Facing headwinds from an overcrowded market, financially wary consumers, and the ascendency of both non-alcoholic drinks and spirits, breweries have struggled to survive. Big Beer isn’t faring much better. Anheuser-Busch InBev, the world’s largest brewer, has struggled to grow its U.S. sales, even as it shakes off conservative boycotts following a partnership with transgender influencer Dylan Mulvaney. Heineken has been unable to rebound from a challenging 2023, when tough economic conditions rattled profits.

Both industry giants and small business breweries face an inconvenient truth for the future of beer: People just aren’t drinking it like they used to. Last year, beer consumption fell to its lowest in over 20 years, with beer shipments predicted to fall below 200 million barrels for the first time since 1999, according to Beer Marketer’s Insights (BMI).

“It was a tough year for beer,” David Steinman, BMI vice president and executive editor, told CNBC.

Bar tabs go up

It’s actually been a tough several years for beer. In addition to the pandemic throttling sales for breweries that rely on taproom visits to stay afloat, it’s fundamentally changed how people drink beer, Adam Romanow, CEO and founder of Castle Island Brewing Co. in Massachusetts, told Fortune. 

Prior to the pandemic, the 5 p.m. rush was big for his brewery. But with most people still working from home on Mondays and Fridays post-pandemic, Castle Island can no longer count on the happy hour crowd for big sales.

“There’s one large revenue day that gets chopped down pretty significantly, but the foot traffic is also not there,” he said.
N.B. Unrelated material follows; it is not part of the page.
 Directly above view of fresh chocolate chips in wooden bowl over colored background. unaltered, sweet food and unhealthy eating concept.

The rising cost of beer has also soured customers’ taste. The price of brews has risen 5.9% from April 2022 to April 2023, according to data from the U.S. Bureau of Labor. Prices are up 72% since 2000. 
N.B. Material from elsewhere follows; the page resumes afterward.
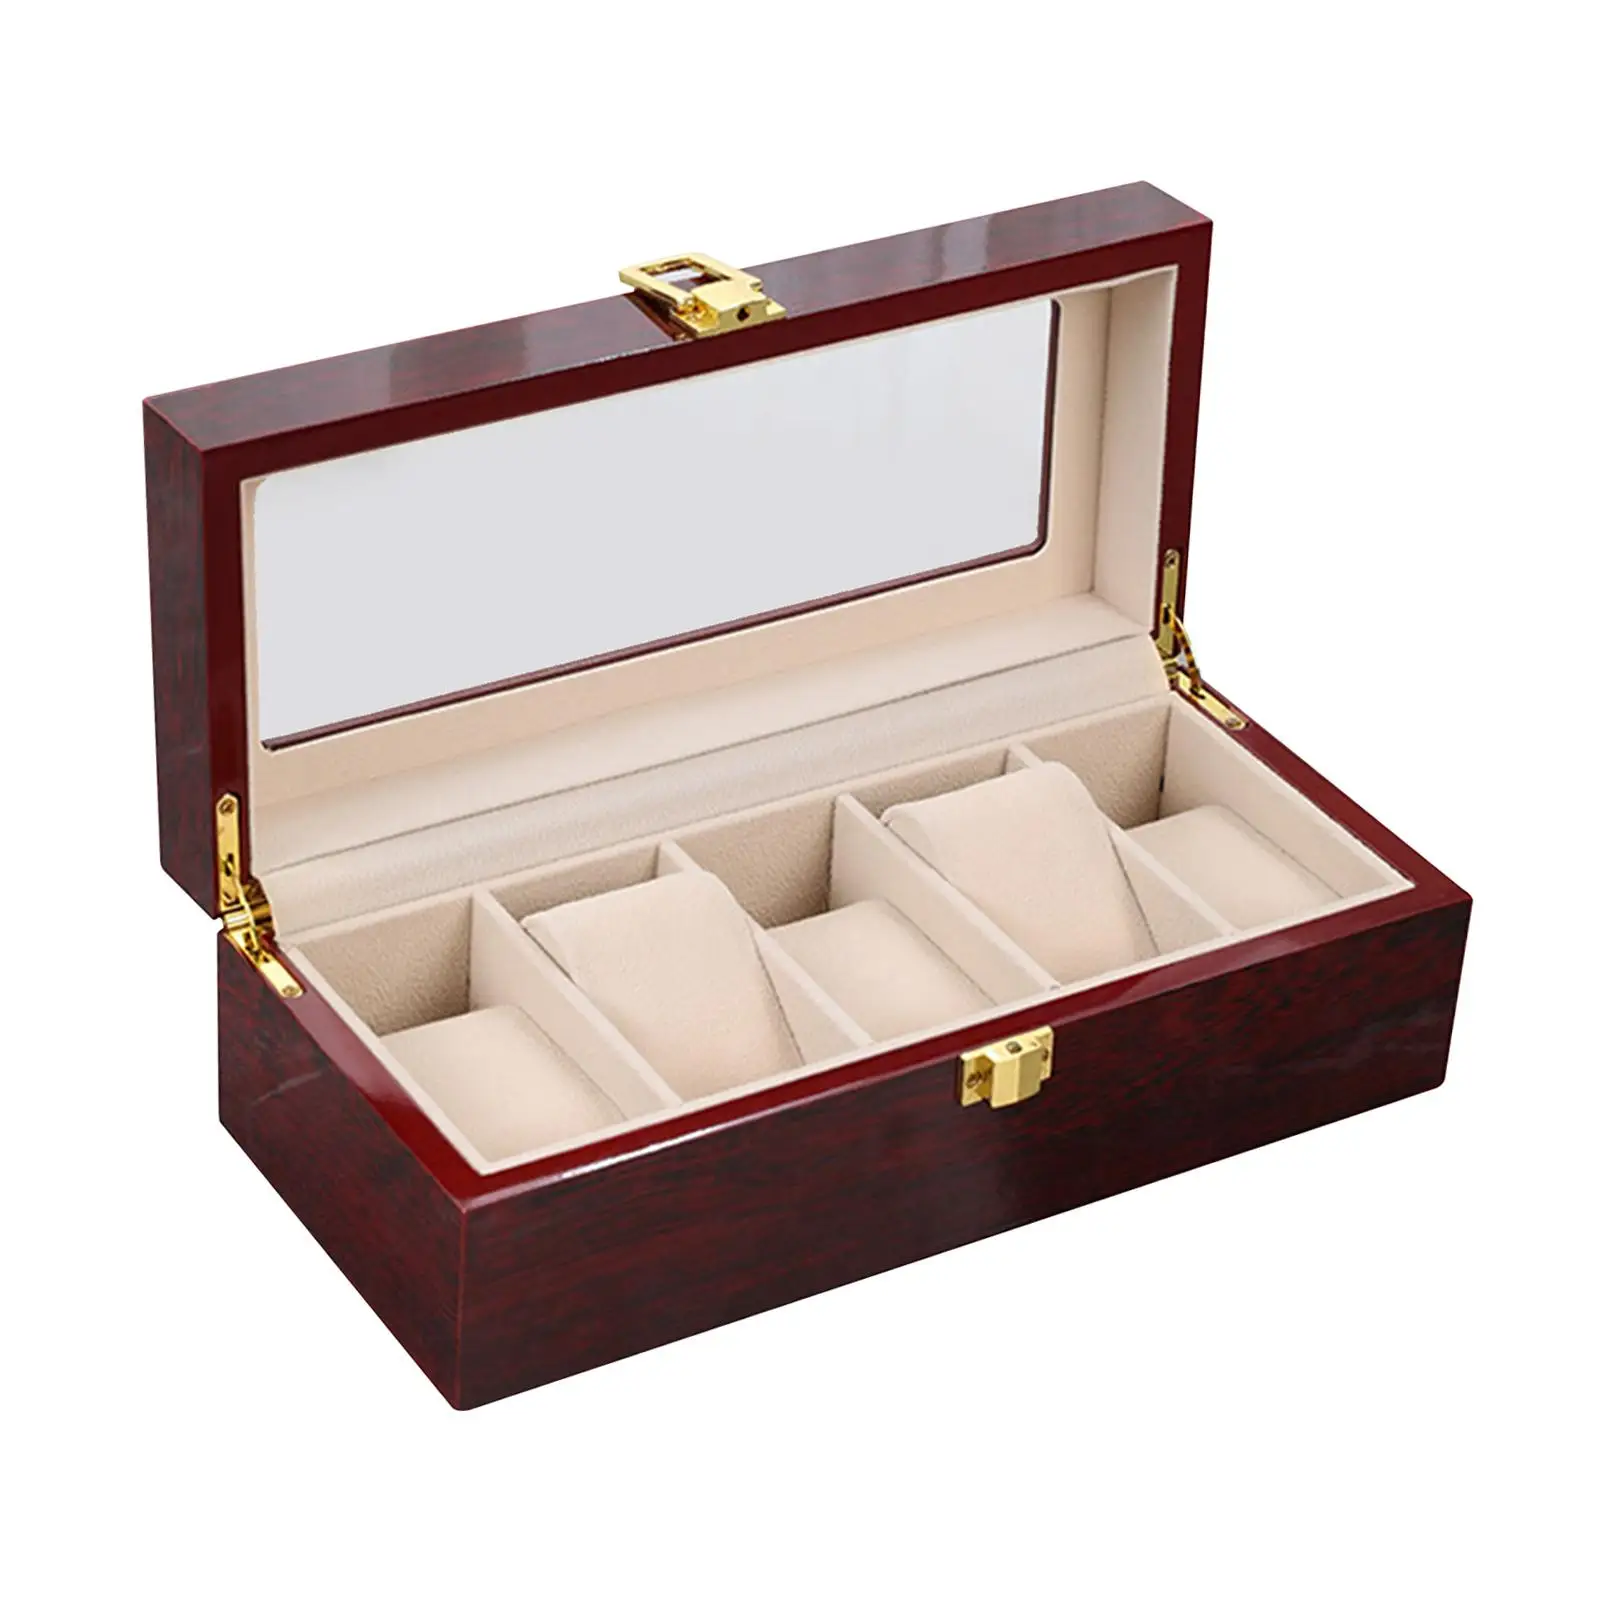 Watch Box Organizer Container Wooden Watch Box for Table Dresser Shop Display Men Women Watches Necklace Bracelet Earrings

Consumers can blame Covid, which wrought havoc on beer supply chains, causing shortages in the carbon dioxide needed to give the drink its signature foaminess and forcing some brewers to pay three or four times as much as usual. And as breweries turned to retail and wholesale to offset their empty taprooms, they found aluminum cans hard to come by and began buying expensive pallets whenever they became available.

Beer companies began passing those cost increases onto consumers. While that was the case for all beer, small breweries in particular were vulnerable. With slim margins and small batches, they had little option but to hike prices and hope customers would understand.

“Craft beer is not the cheapest option on its own,” Romanow said. “It never has been, but the gap between craft beer and macro beer has widened because of inflation.”

Changing tastes

Already dealing with price-sensitive customers, beer producers have found themselves competing with a slew of other vices for wallet share.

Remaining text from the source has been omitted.